» YOUR GOAL
No pictures go into the copy. Write out exactly the lines below from the one containing "carrot ginger immune" through the one containing "Don't go with".

START SUPPLIED DATA

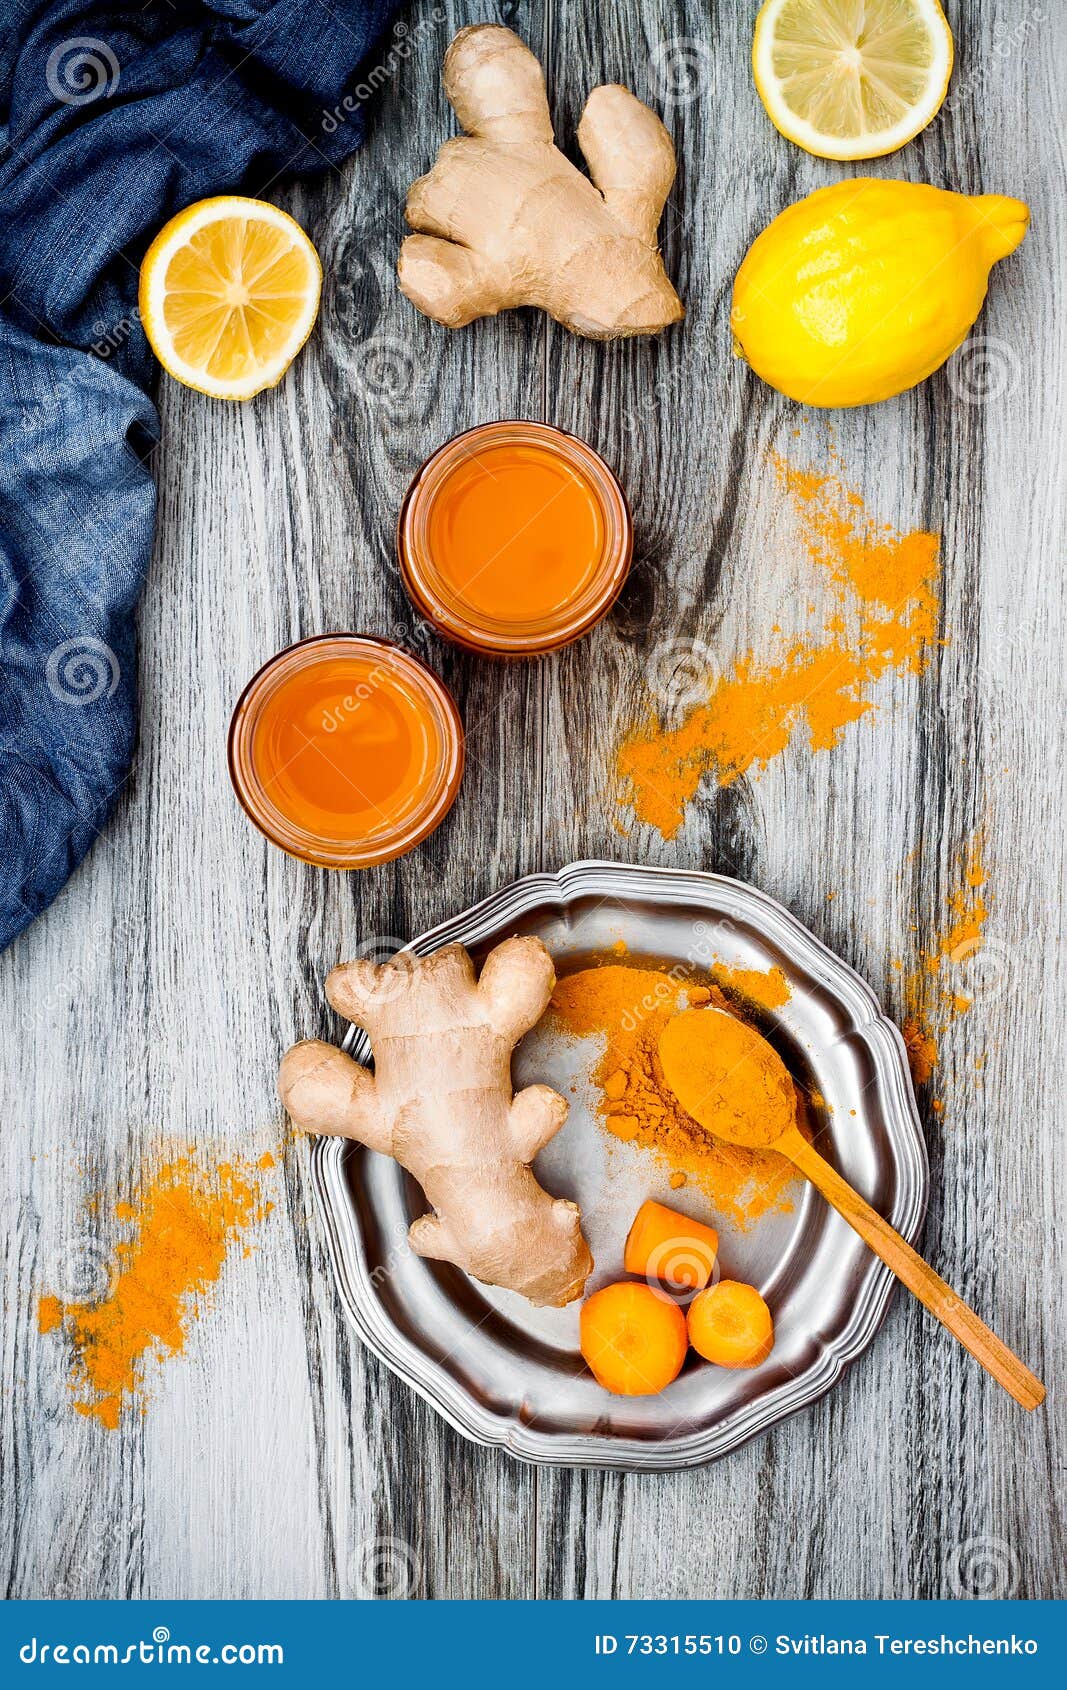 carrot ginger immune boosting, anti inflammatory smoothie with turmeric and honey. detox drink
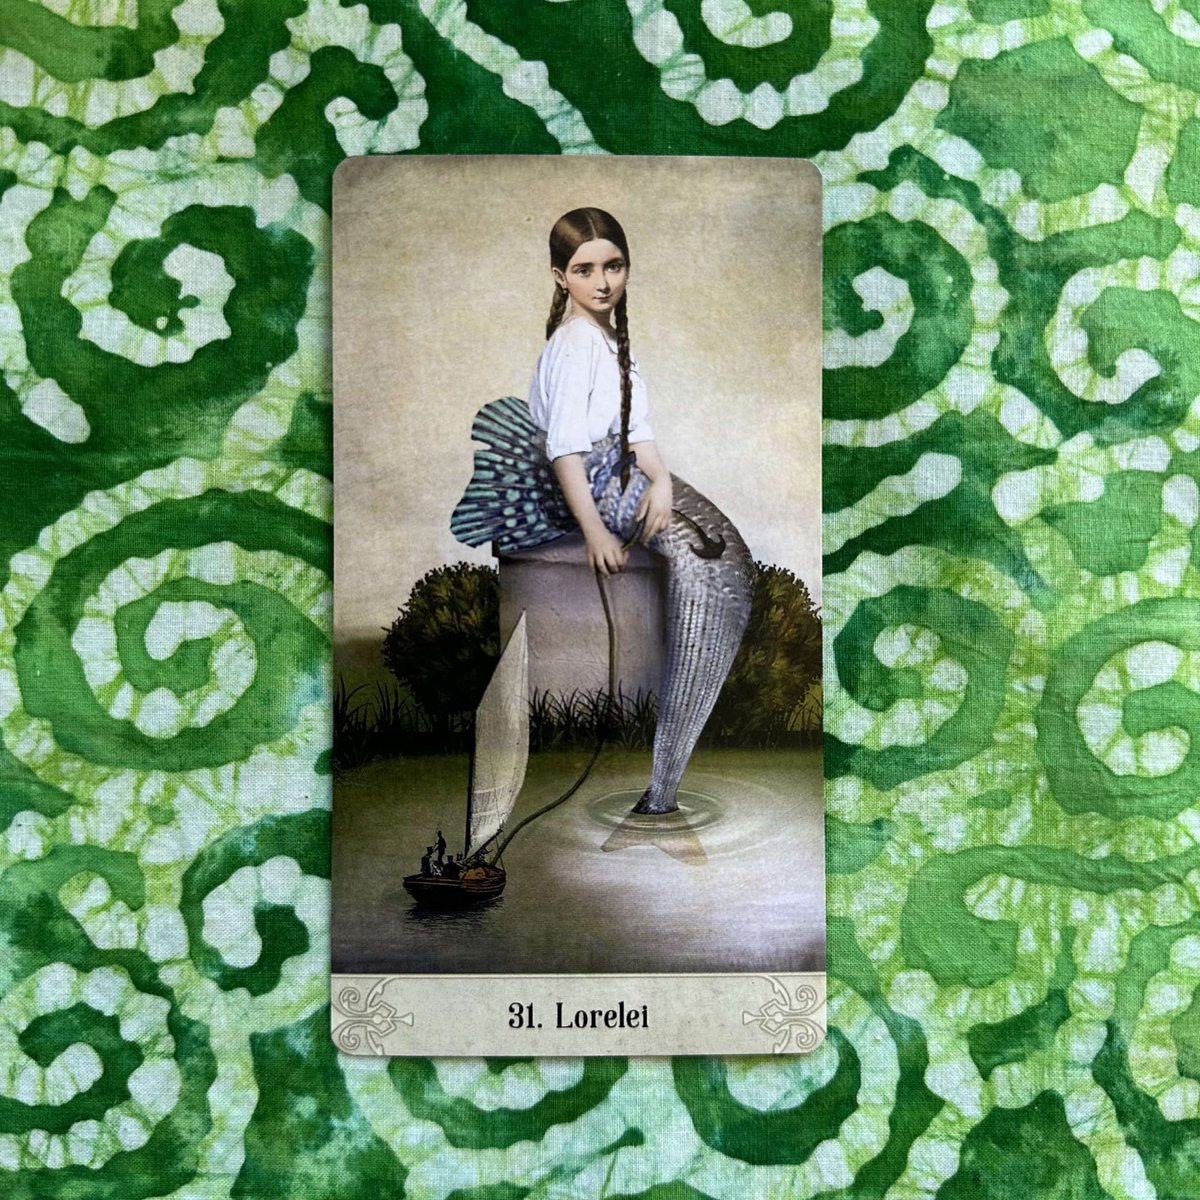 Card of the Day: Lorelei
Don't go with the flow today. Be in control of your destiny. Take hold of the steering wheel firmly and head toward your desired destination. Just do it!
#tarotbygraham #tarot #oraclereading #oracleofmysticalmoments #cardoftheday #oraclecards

END SUPPLIED DATA
START SUPPLIED DATA

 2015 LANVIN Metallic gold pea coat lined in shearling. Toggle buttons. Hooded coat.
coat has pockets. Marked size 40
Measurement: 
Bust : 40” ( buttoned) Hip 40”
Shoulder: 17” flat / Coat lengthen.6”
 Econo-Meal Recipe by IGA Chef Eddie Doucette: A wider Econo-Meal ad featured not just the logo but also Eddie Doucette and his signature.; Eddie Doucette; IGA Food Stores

END SUPPLIED DATA

» OUTPUT BELOW
 carrot ginger immune boosting, anti inflammatory smoothie with turmeric and honey. detox drink
 Card of the Day: Lorelei
Don't go with the flow today. Be in control of your destiny. Take hold of the steering wheel firmly and head toward your desired destination. Just do it!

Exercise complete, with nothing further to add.